DIRECTIONS FOR THIS TASK:
Leave out the pictures and repeat exactly the lines from the one containing "Bedienungsanleitung: Autosuper IB" through the final line of the listing below.

GIVEN DATA:
-------

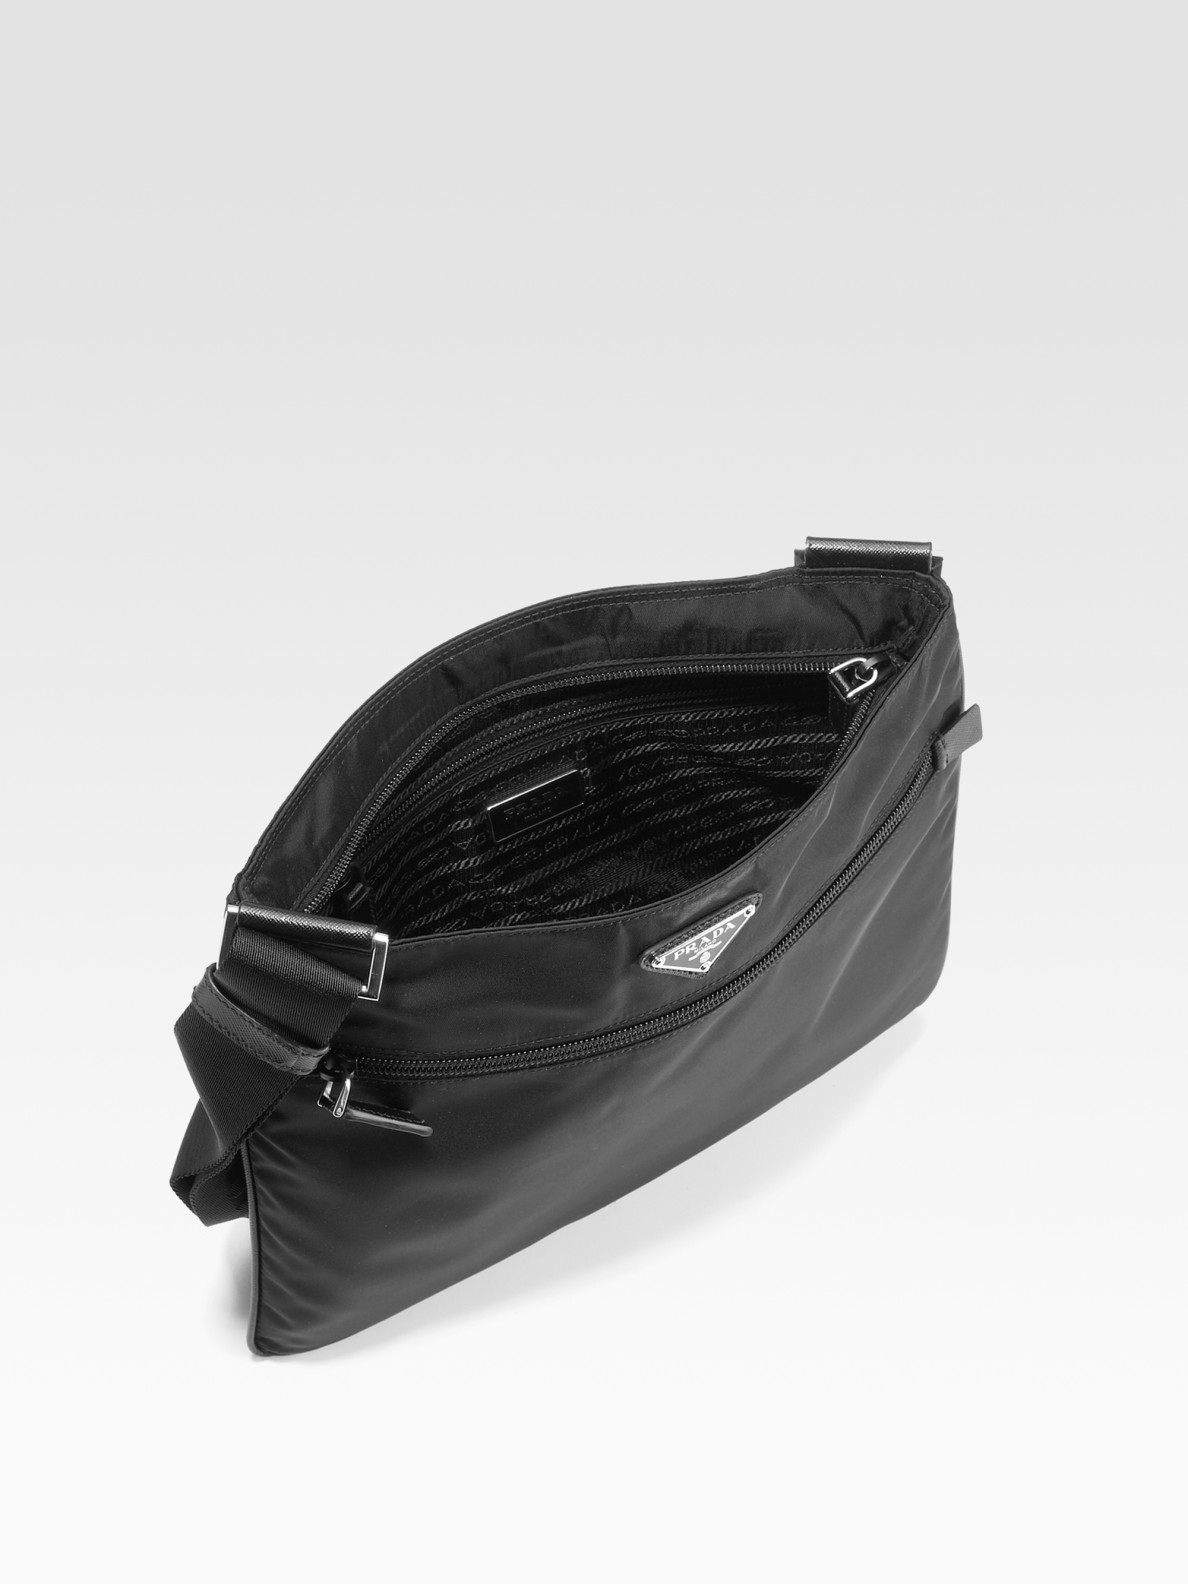 Prada Nylon \u0026amp; Leather Messenger Bag in Black for Men | Lyst  
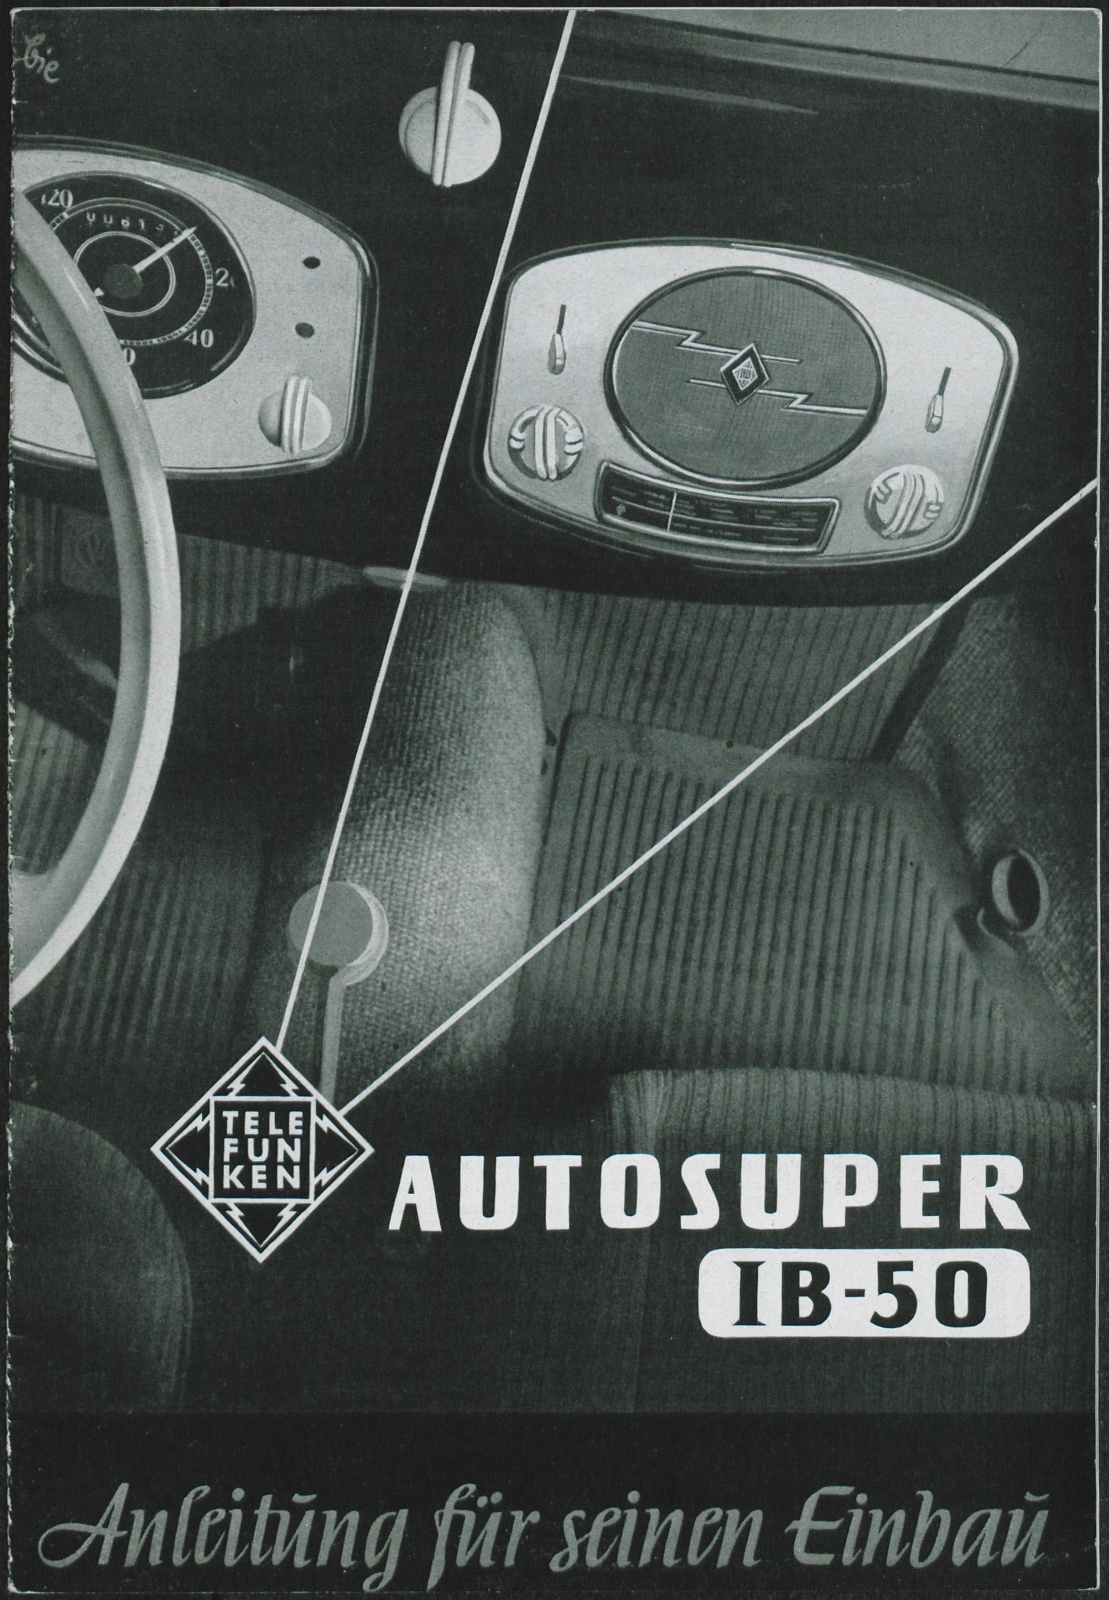 Bedienungsanleitung: Autosuper IB 50; Anleitung für seinen Einbau (Stiftung Deutsches Technikmuseum Berlin CC0)
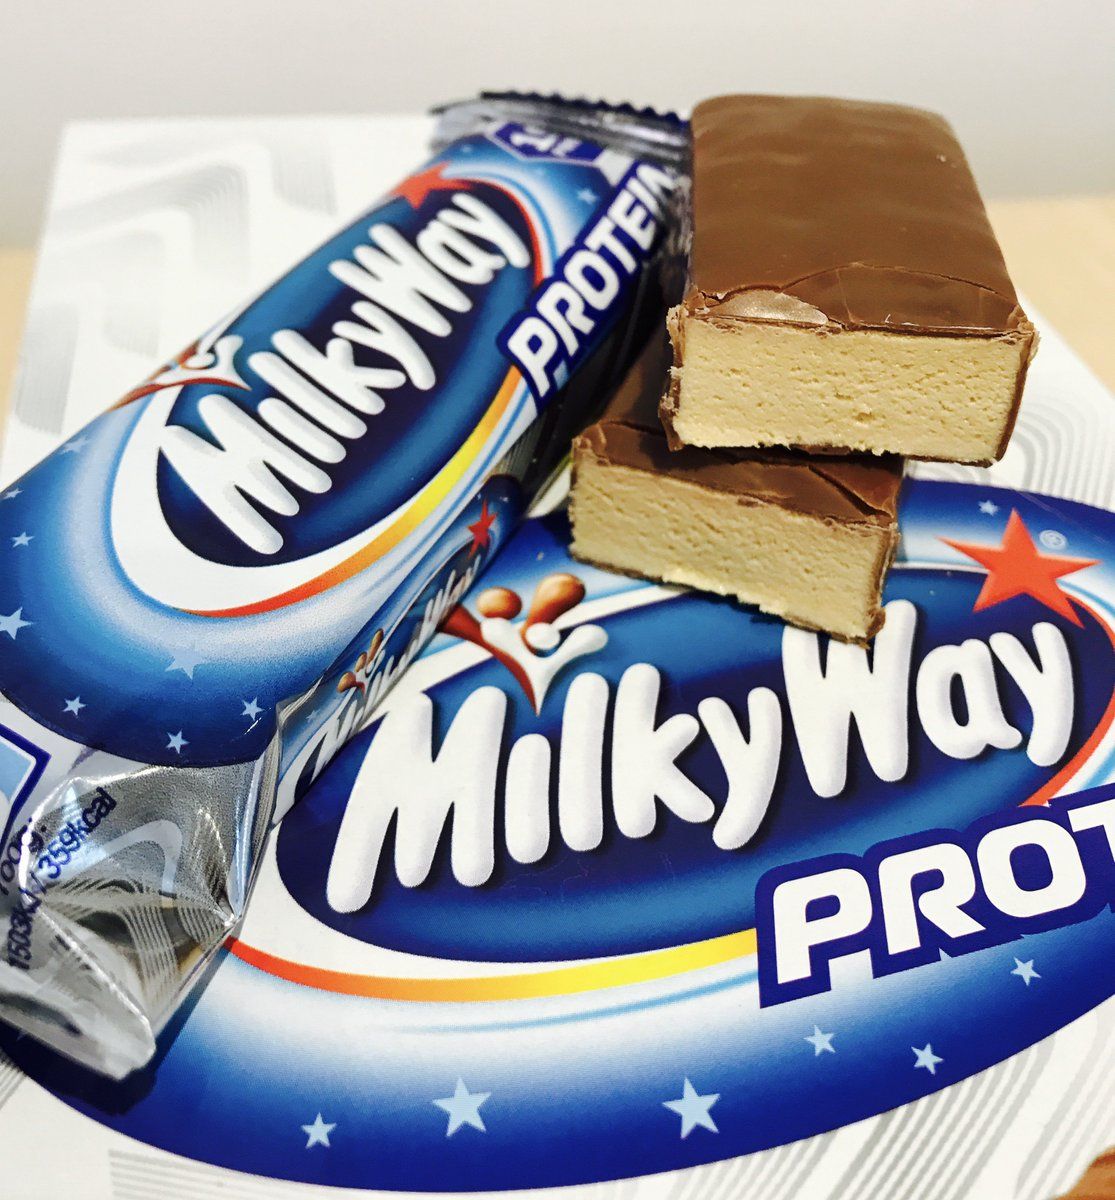 Milky way protein bar

-------

RESULT:
 Bedienungsanleitung: Autosuper IB 50; Anleitung für seinen Einbau (Stiftung Deutsches Technikmuseum Berlin CC0)
 Milky way protein bar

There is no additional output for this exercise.